[What you will do]: Print all the data that follows exactly, images excluded.

[Exercise data]:

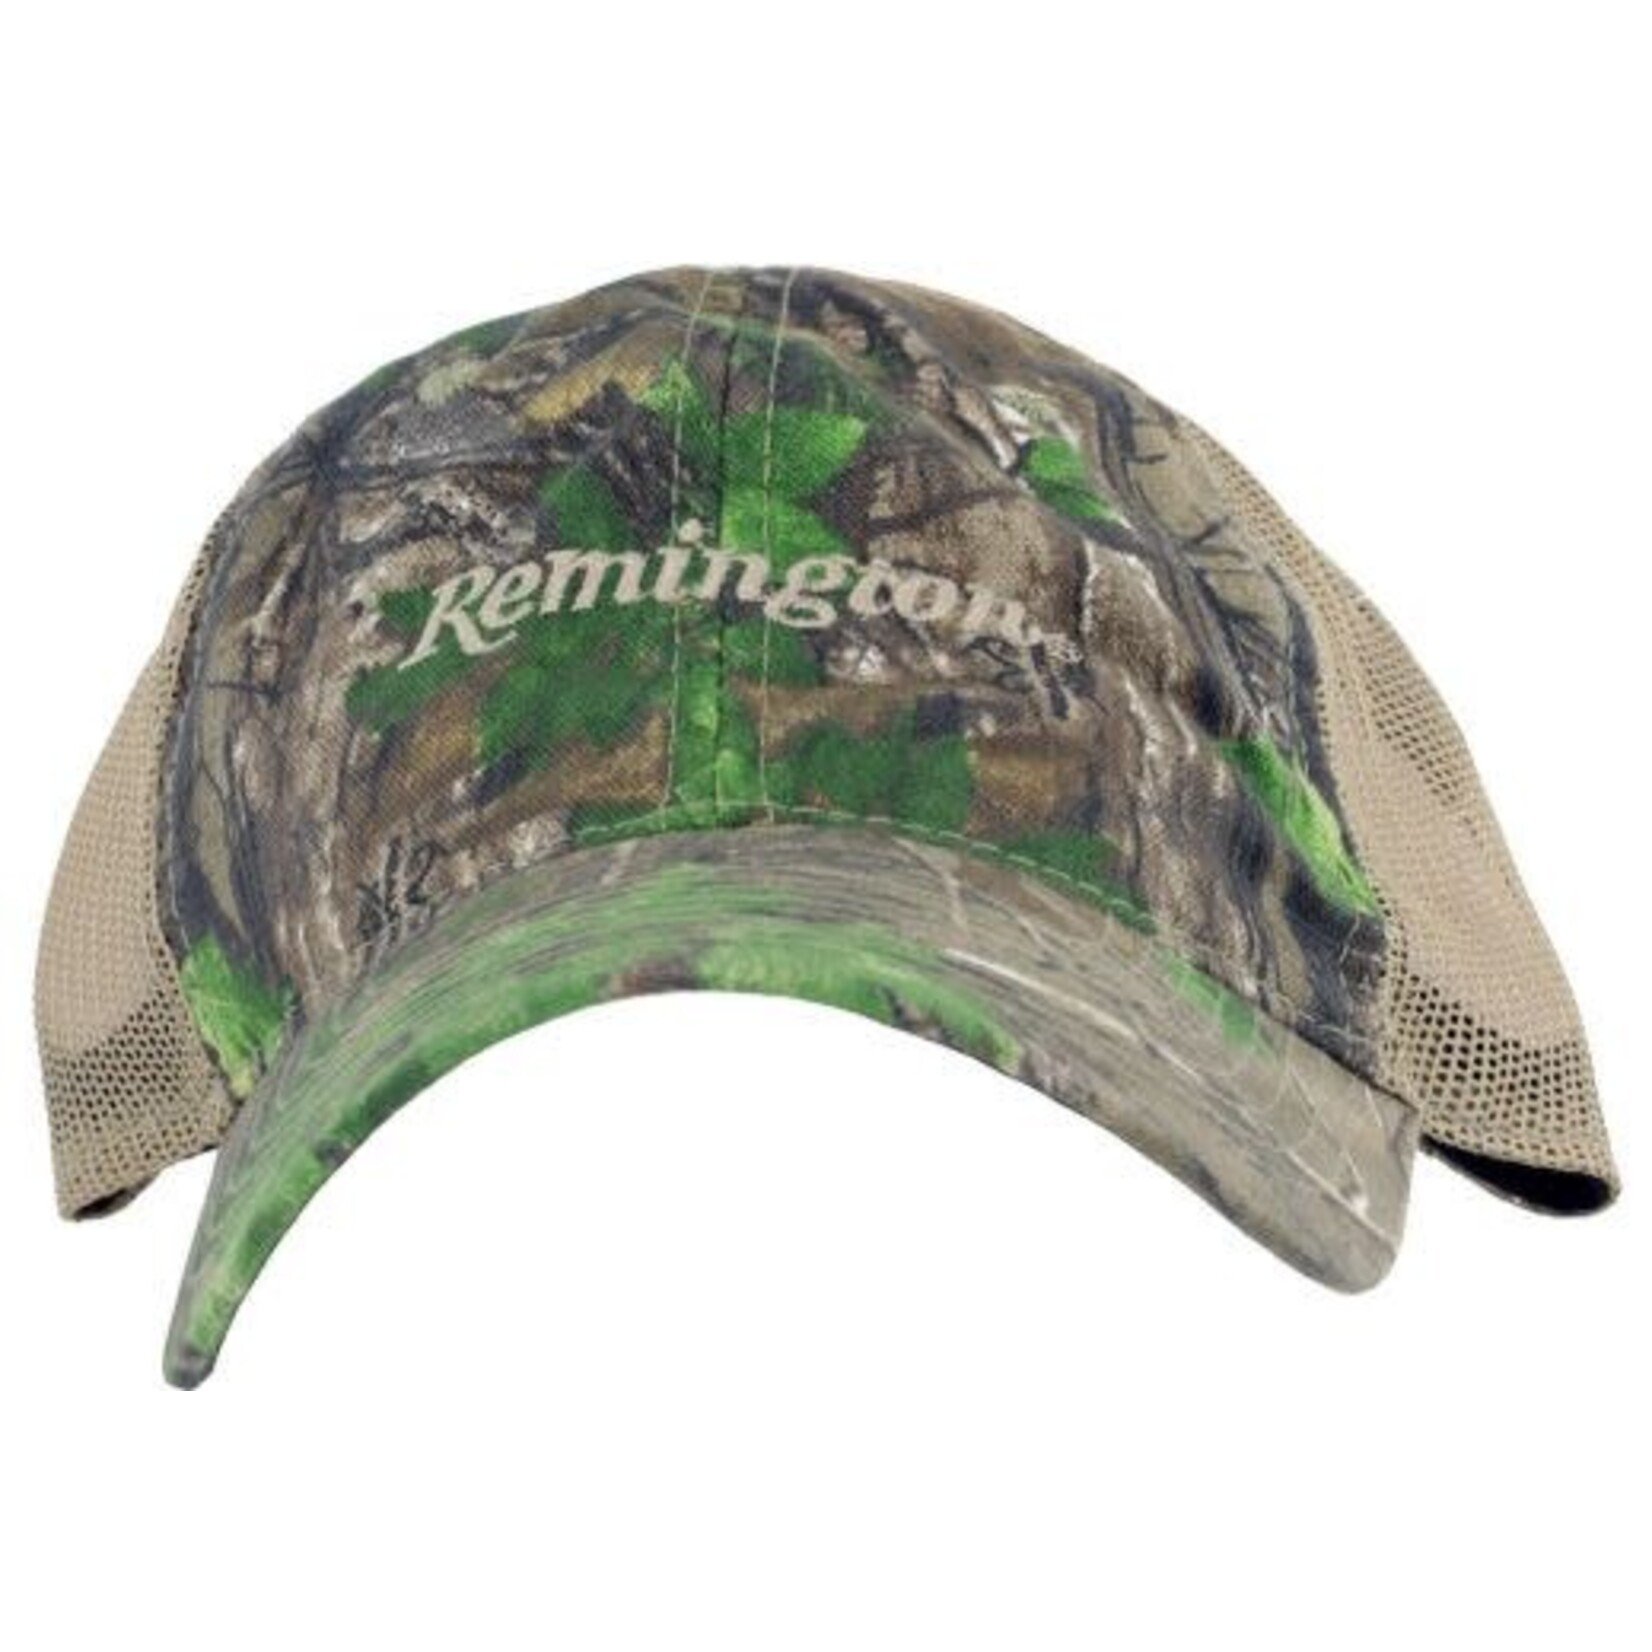 Remington REMINGTON BALL CAP LOGO REALTREE XTRA GREEN CAMO
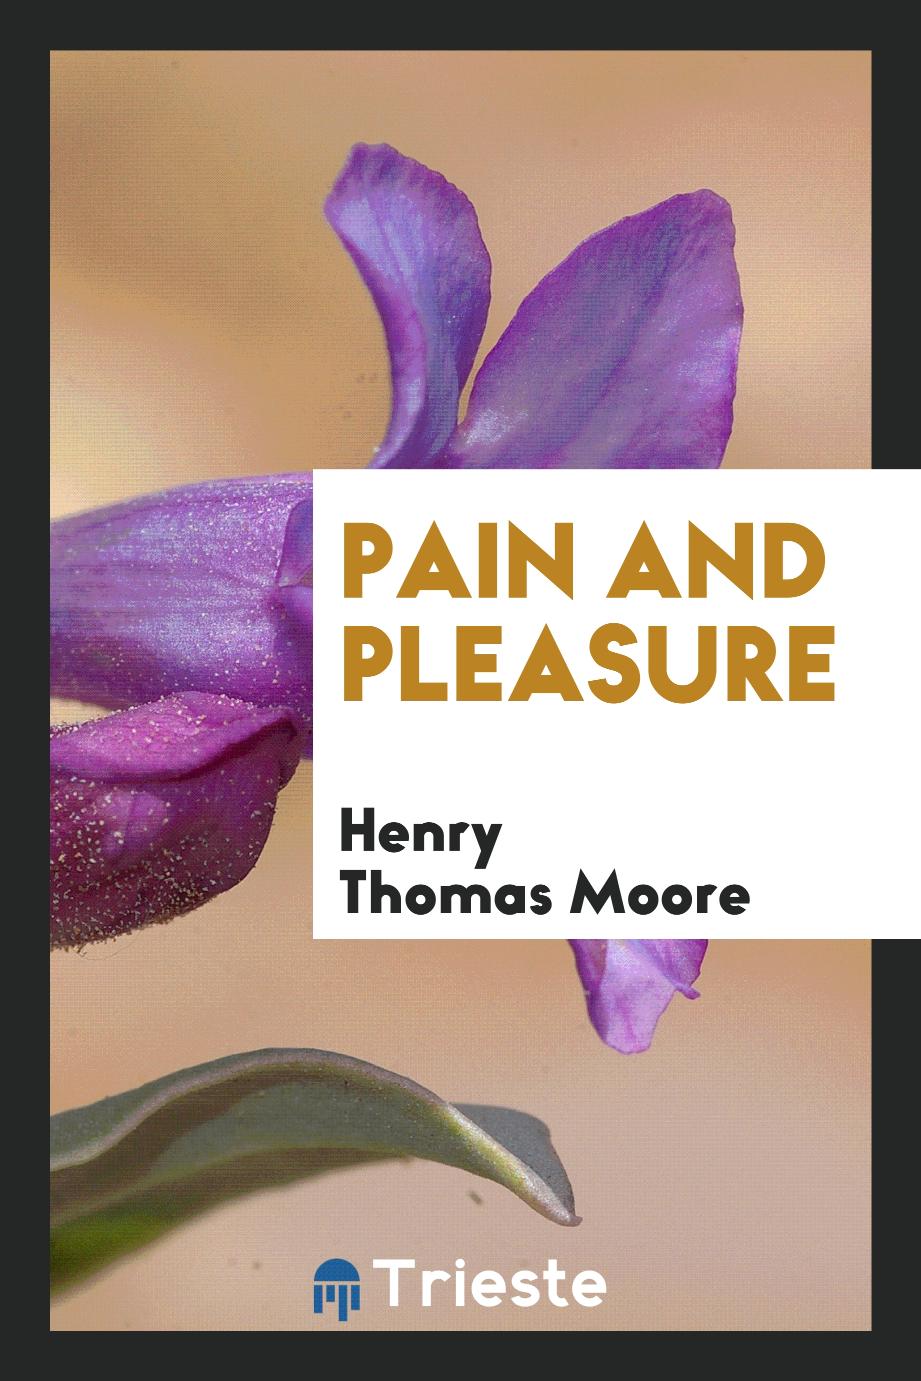 Pain and pleasure
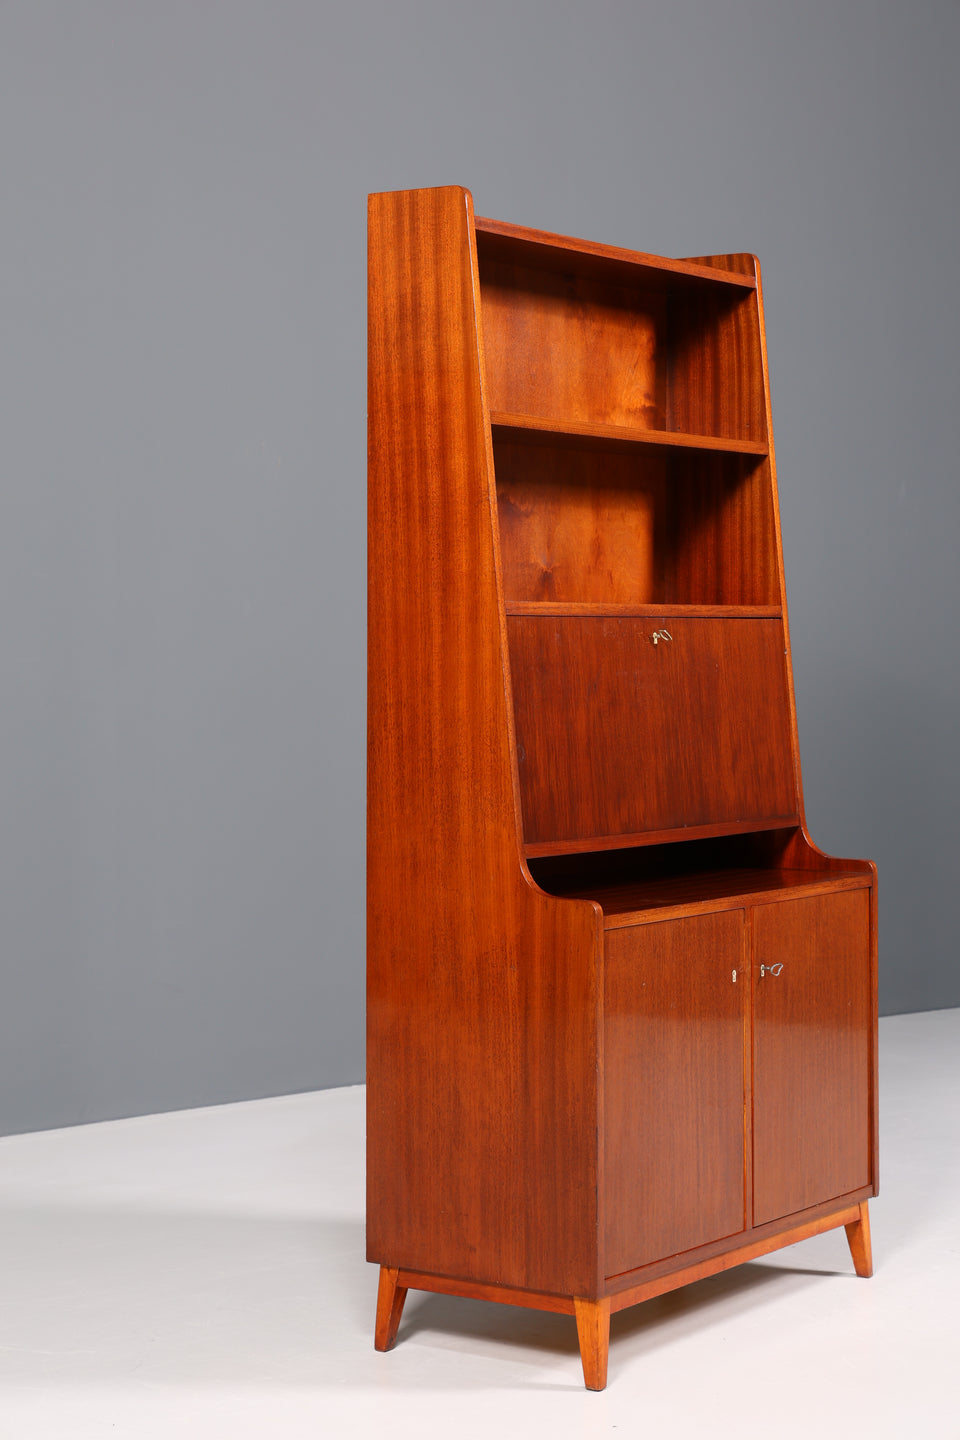 Traumhafter Mid Century Schrank Sekretär Bücherregal Vintage Highboard Retro Holz Regal 60er Jahre

[Response to the task]:
 Remington REMINGTON BALL CAP LOGO REALTREE XTRA GREEN CAMO
 Pain and pleasure
 Traumhafter Mid Century Schrank Sekretär Bücherregal Vintage Highboard Retro Holz Regal 60er Jahre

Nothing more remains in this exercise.